THE SECURITIES REPRESENTED HEREBY HAVE BEEN OFFERED IN AN OFFSHORE TRANSACTION TO A PERSON WHO IS NOT A U.S. PERSON (AS DEFINED HEREIN) PURSUANT TO REGULATION S UNDER THE UNITED STATES SECURITIES ACT OF 1933, AS AMENDED (THE "1933 ACT").
NONE OF THE SECURITIES REPRESENTED HEREBY HAVE BEEN REGISTERED UNDER THE 1933 ACT, OR ANY U.S. STATE SECURITIES LAWS, AND, UNLESS SO REGISTERED, MAY NOT BE OFFERED OR SOLD, DIRECTLY OR INDIRECTLY, IN THE UNITED STATES (AS DEFINED HEREIN) OR TO U.S. PERSONS EXCEPT IN ACCORDANCE WITH THE PROVISIONS OF REGULATION S UNDER THE 1933 ACT, PURSUANT TO AN EFFECTIVE REGISTRATION STATEMENT UNDER THE 1933 ACT, OR PURSUANT TO AN AVAILABLE EXEMPTION FROM, OR IN A TRANSACTION NOT SUBJECT TO, THE REGISTRATION REQUIREMENTS OF THE 1933 ACT AND IN EACH CASE ONLY IN ACCORDANCE WITH APPLICABLE STATE SECURITIES LAWS. IN ADDITION, HEDGING TRANSACTIONS INVOLVING THE SECURITIES MAY NOT BE CONDUCTED UNLESS IN COMPLIANCE WITH THE 1933 ACT. "UNITED STATES" AND "U.S. PERSON" ARE AS DEFINED BY REGULATION S UNDER THE 1933 ACT.

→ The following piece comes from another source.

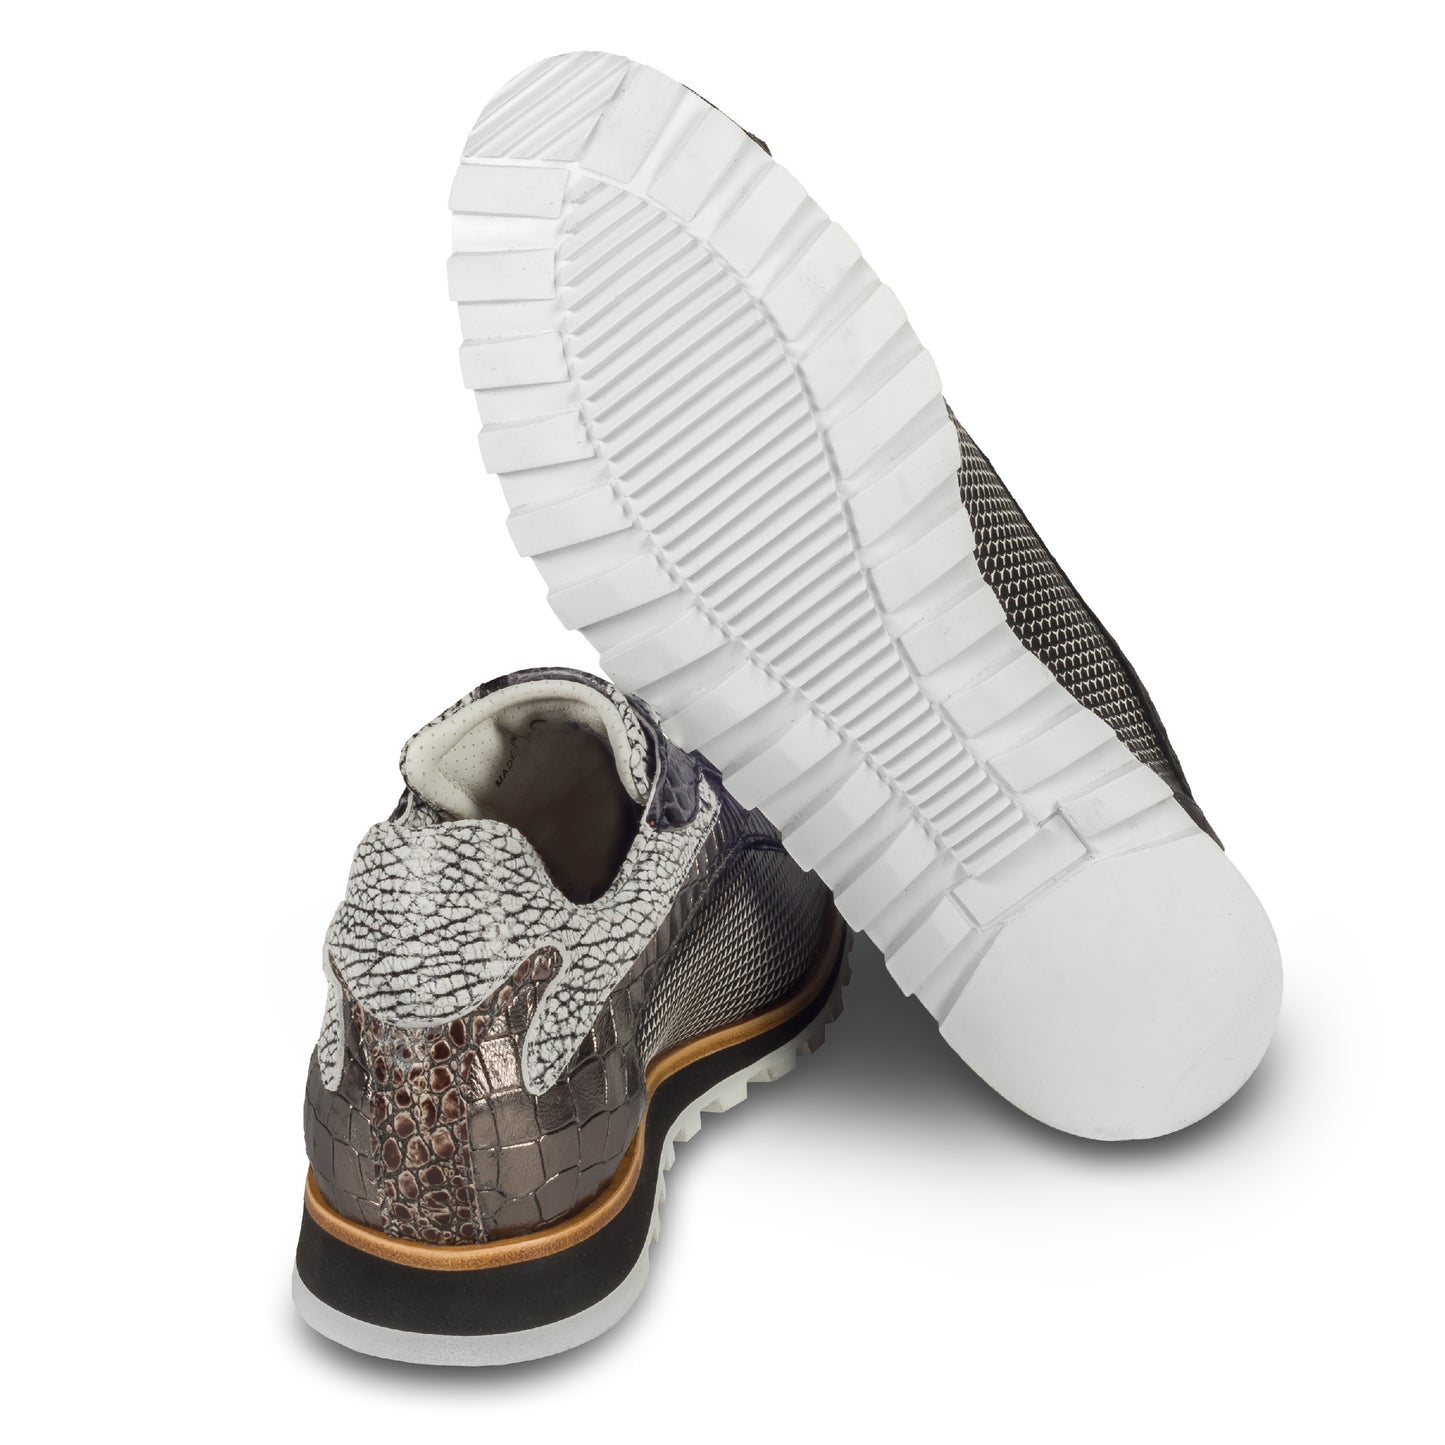 Lorenzi | Handgefertigter Leder-Sneaker in schwarz mit weiß und silber grau, Letzte Größe 42/43

RESTRICTED SHARE GRANT AGREEMENT
This RESTRICTED SHARE GRANT AGREEMENT (the "Agreement") is made as of __________________ ____, 2007, by and between UREX ENERGY CORP. (the "Company"), whose business address is 10580 N. McCarron Blvd., Building 115 - 208, Reno, Nevada, 89503, and _______________[insert name of employee], whose address is ______________[insert address] (the "Grantee").
RECITALS
WHEREAS:
A. The Company wishes to grant restricted shares of the Company’s common stock, pursuant to the Company’s 2008 Stock Plan, to the Grantee as compensation for the Grantee in carrying out the duties and responsibilities of ______________[insert position – director, officer, employee, consultant, advisor] of the Company; and
B. In consideration of the Grantee serving as a ___________[insert position], the Company has agreed to grant to the Grantee an aggregate of ____________ restricted shares of the Company’s common stock (the "Shares").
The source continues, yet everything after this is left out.